J’ai dû rappeler la théorie traditionnelle pour qu’on vît mieux à quelle distance s’en tient l’auteur des Pensées, même quand il accepte l’idée de la survivance ; chemin faisant, j’ai tâché de faire valoir les avantages de cette doctrine. Le moment est venu d’exprimer les critiques qu’elle soulève et qui ont dû en détacher Marc-Aurèle. D’abord, il est assez difficile de concevoir l’indépendance des âmes réunies dans la cité céleste, et toutes les joies supérieures qui impliquent le sentiment de cette indépendance : celles qu’éprouverait, selon Sénèque, le fils de Marcia à « entrer dans la société sainte des Scipion et des Caton », à se faire « initier par son aïeul aux secrets de la nature », à « contempler, du haut de sa gloire la terre qu’il a quittée ». Dans la vie bienheureuse, toutes les âmes ne sont que raison, et la raison est une.
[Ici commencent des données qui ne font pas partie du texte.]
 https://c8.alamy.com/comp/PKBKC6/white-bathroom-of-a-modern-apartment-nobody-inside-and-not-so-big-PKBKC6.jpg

Puis, deux flammes voisines, qui viennent une fois à se toucher, ne se séparent plus. Puis, rien ne doit alimenter ces flammes et les fixer en quelque sorte, alors que le soleil et les astres — des dieux — dont elles sont si proches s’entretiennent perpétuellement, par une ἀναθυμίασις, des émanations de la terre. On se demande donc comment Sénèque conciliait avec la pénétration réciproque (« invicem pervii sunt » : ad Marciam, XXV) des âmes la presque immortalité personnelle qu’il promet à ceux qu’il console. Au reste, il a douté, tout le premier, de la sûreté de sa doctrine ; et il a prévenu l’auteur des Pensées lorsqu’il a écrit (ad Luciliam, LXXI) : « Aut in meliorem emittitur vitam, lucidius tranquilliusque inter divina mansurus ; aut certe, sine ullo futurus incommodo, suae naturae remiscebitur, et revertetur in totum}}. »
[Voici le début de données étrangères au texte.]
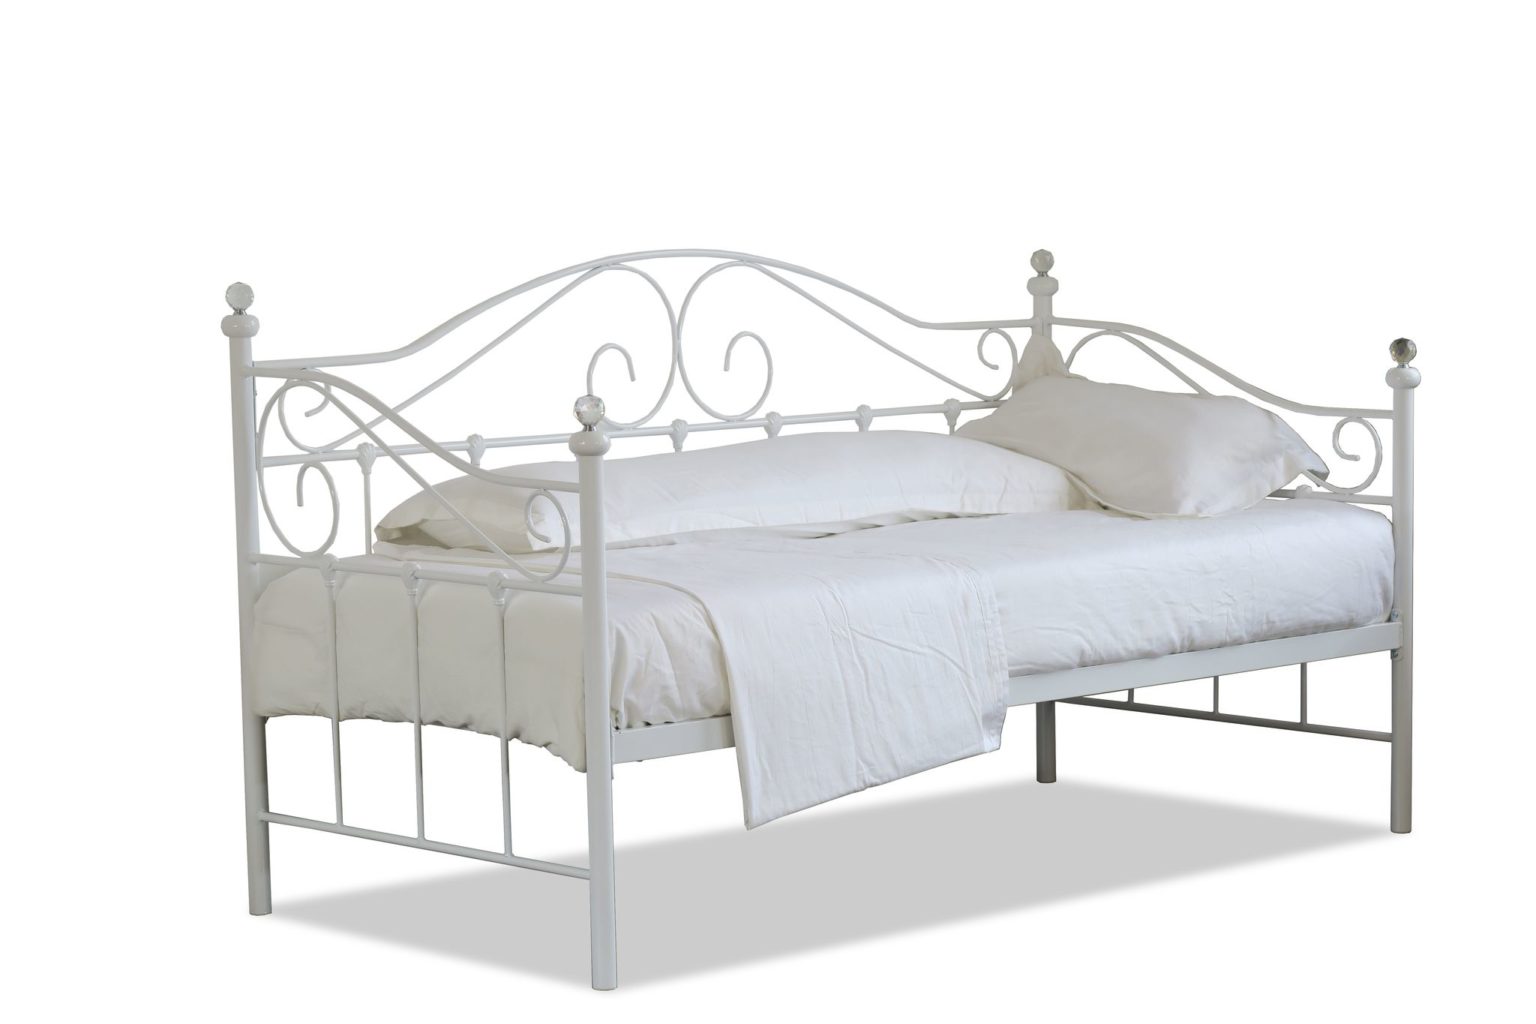 single metal bed frame bedroom furniture

Les deux objections suivantes viennent en quelque sorte de Marc-Aurèle lui-même : 1o Depuis si longtemps que le monde dure, sans s’être encore embrasé, comment les âmes survivantes n’auraient-elles pas encombré le ciel ? Par suite, comment les nouvelles venues y trouveraient-elles de la place ? À quoi l’on pourrait ajouter : comment resterait-il au monde de l’air respirable, de la flamme pour entretenir la vie ? L’interrogation par laquelle commence cette pensée et qui introduit la théorie propre à Marc-Aurèle renferme, en doux mots, ἐξ ἀϊδίου, une critique, peut-être une réfutation de Chrysippe et de Sénèque. 2o La simplicité même des explications de Marc-Aurèle accuse ce qu’il y a de laborieux et d’arbitraire dans la trop poétique construction de ses maîtres ; évidemment, c’est moins là pour lui une démonstration qu’un beau conte. Il y a surtout un long détour qu’il se refuse à faire, une hypothèse — pourtant fondamentale du système — dont il s’affranchit. En faisant coïncider, en effet, l’embrasement de l’âme humaine et son retour non dans les régions célestes, non même dans l’âme de l’univers, mais dans sa « raison séminale », il admet la possibilité d’un réemploi immédiat ; c’est-à-dire que, prenant parti entre deux théories qui l’ont laissé parfois indécis (V, 13, fin ; X, 7), il considère qu’au lieu de « s’embraser périodiquement » le monde « se renouvelle par d’éternels échanges » (infra X, 7 : ὤστε καὶ ταῦτα ἀναληφθῆναι εἰς τὸν τοῦ ὄλου λόγον, εἴτε κατἀ περίοδον ἐκπυρουμένου, εἴτε ἀϊδίοις ἀμοιϐαῖς ἀνανεουμένου). Sur ces « éternels échanges » il ne s’est d’ailleurs pas expliqué ; et, à défaut d’aucun texte qui reprenne et tranche la question, nous en sommes réduits aux conjectures. Ce qui est sûr, c’est que la doctrine appelle un complément : car l’équilibre des éléments semble exiger une compensation constante entre les « embrasements » et les « extinctions ». Nous prendrions cette fois le terme d’« extinction » dans le sens même qu’au rapport de Plutarque lui donnaient les Stoïciens quand ils parlaient de la renaissance du monde : τῇ δὲ σϐέσει πάλιν καὶ τὴν ψυχὴν… μεταϐάλλ[ειν] εἰς τὸ σωματοειδές (de Stoïc. repugn., 1053, C, — suite d’un texte cité plus haut).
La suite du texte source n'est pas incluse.